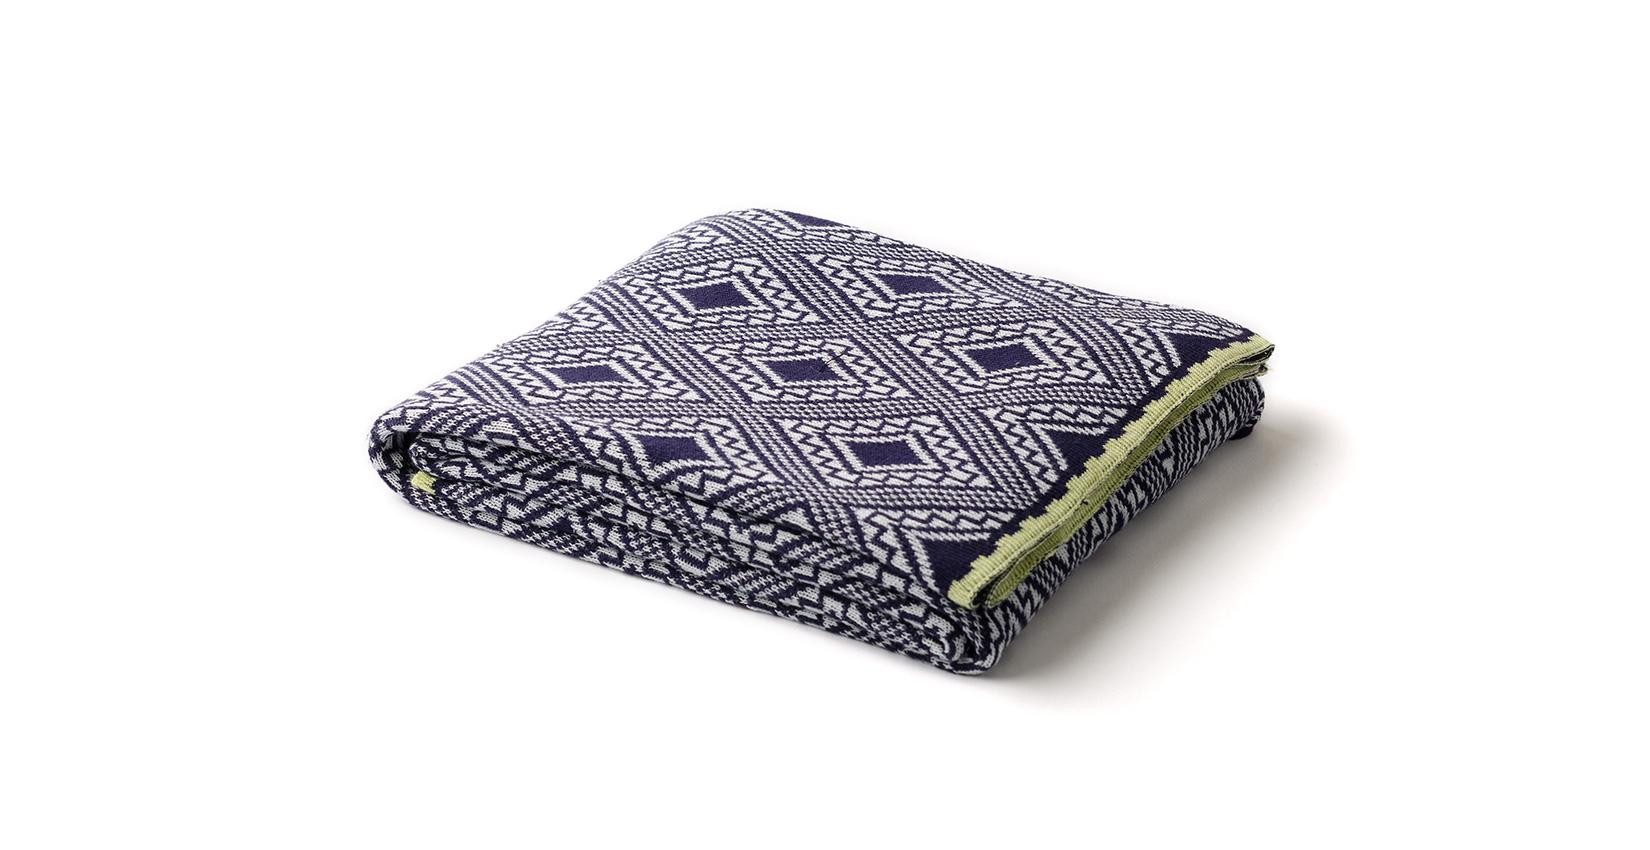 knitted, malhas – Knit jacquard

* * *

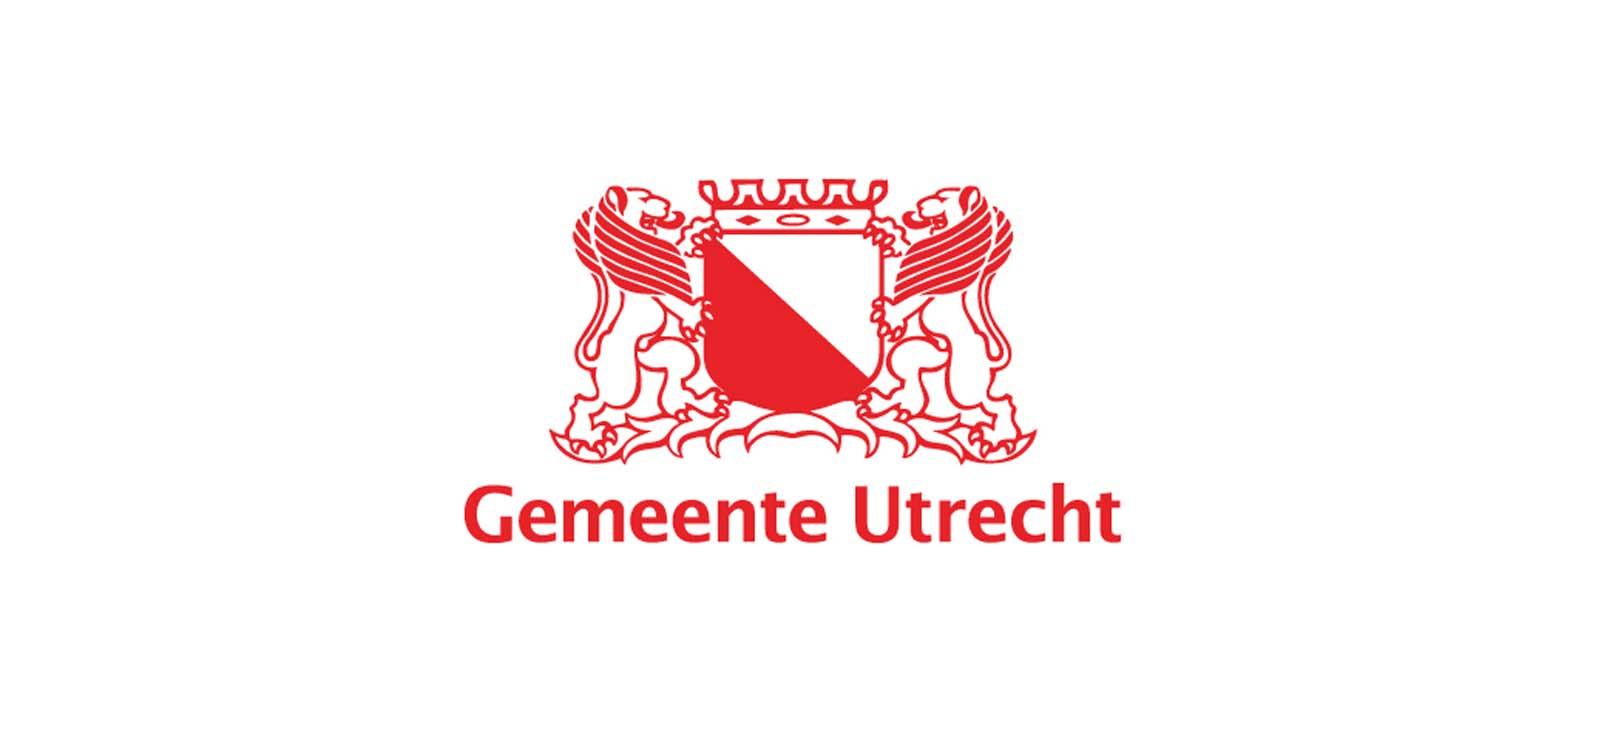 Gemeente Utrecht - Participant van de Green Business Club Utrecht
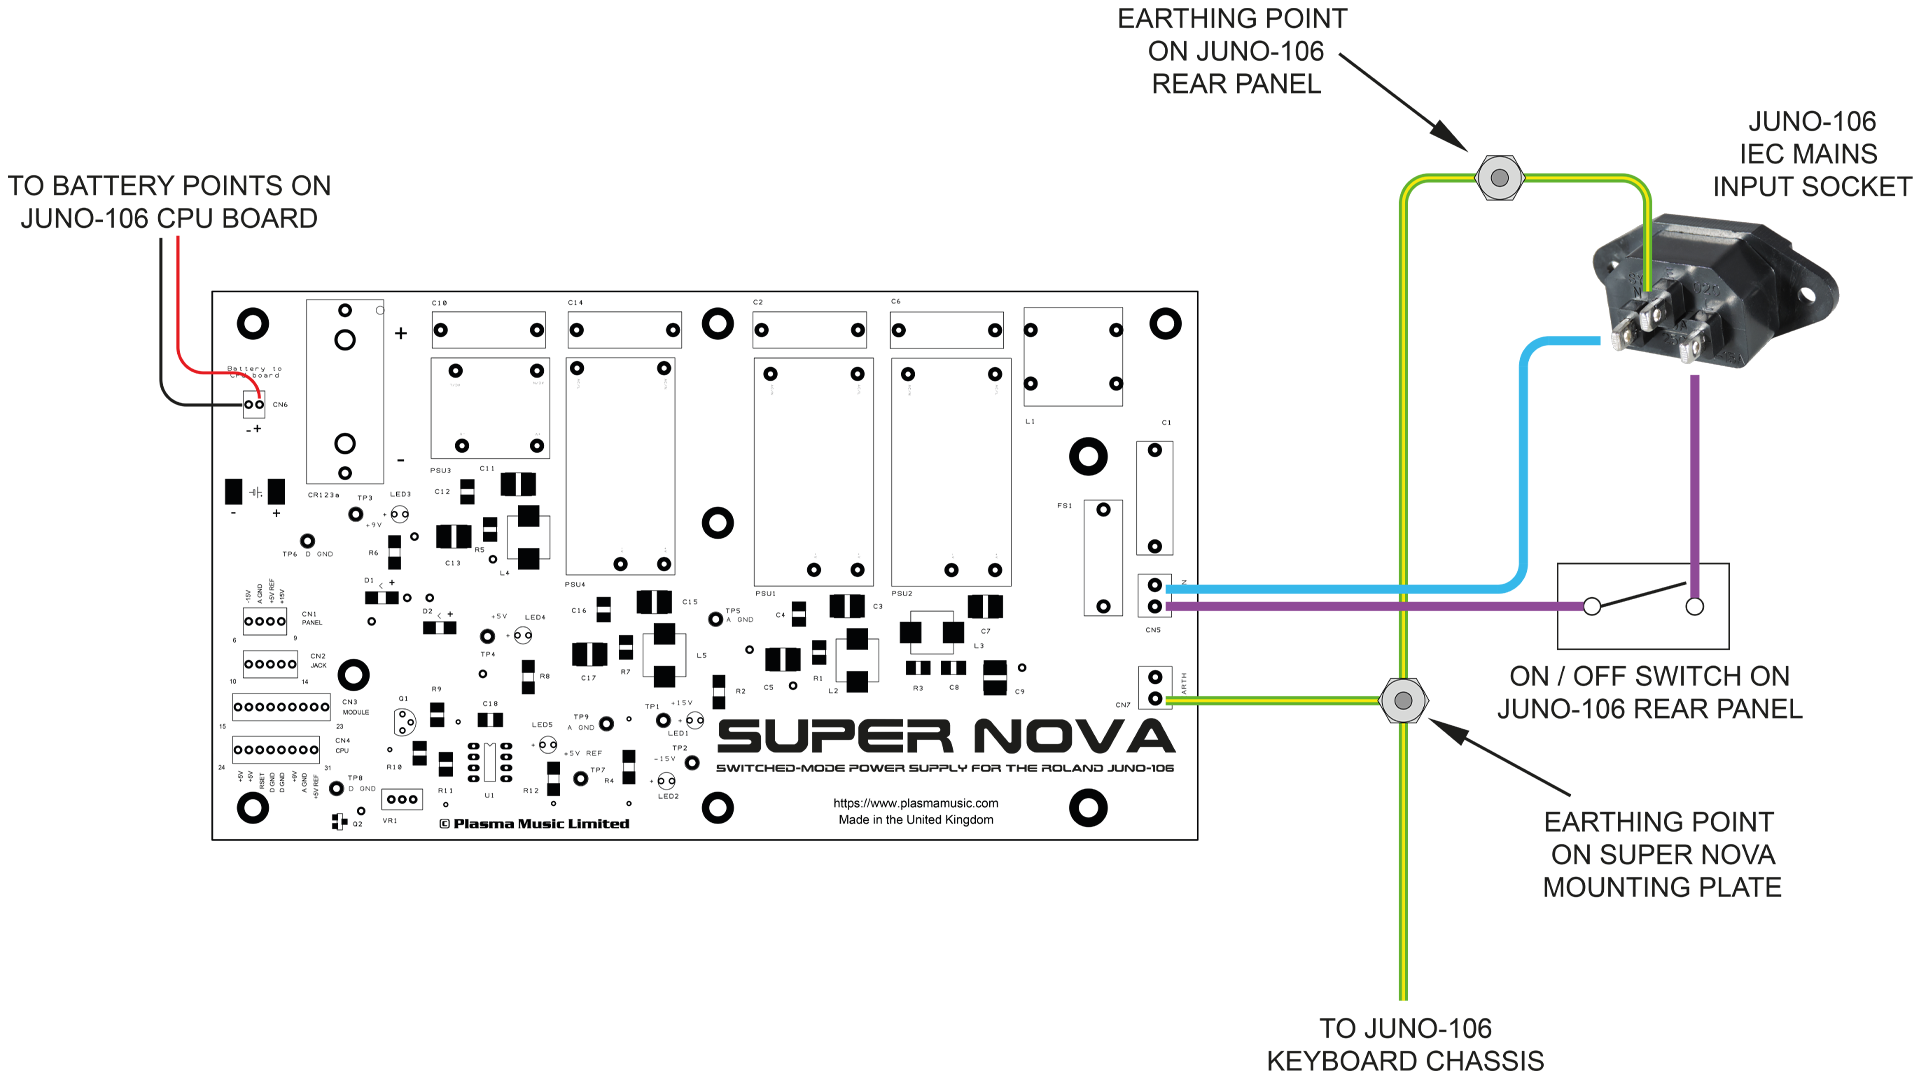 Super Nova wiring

→ **TRY IT**
Among the entries above, find the line with "Gemeente Utrecht - Participant" and repeat exactly from there through the line with "Super Nova wiring", leaving out the pictures.

→ **OUTPUT FOR THIS TASK**
 Gemeente Utrecht - Participant van de Green Business Club Utrecht
 Super Nova wiring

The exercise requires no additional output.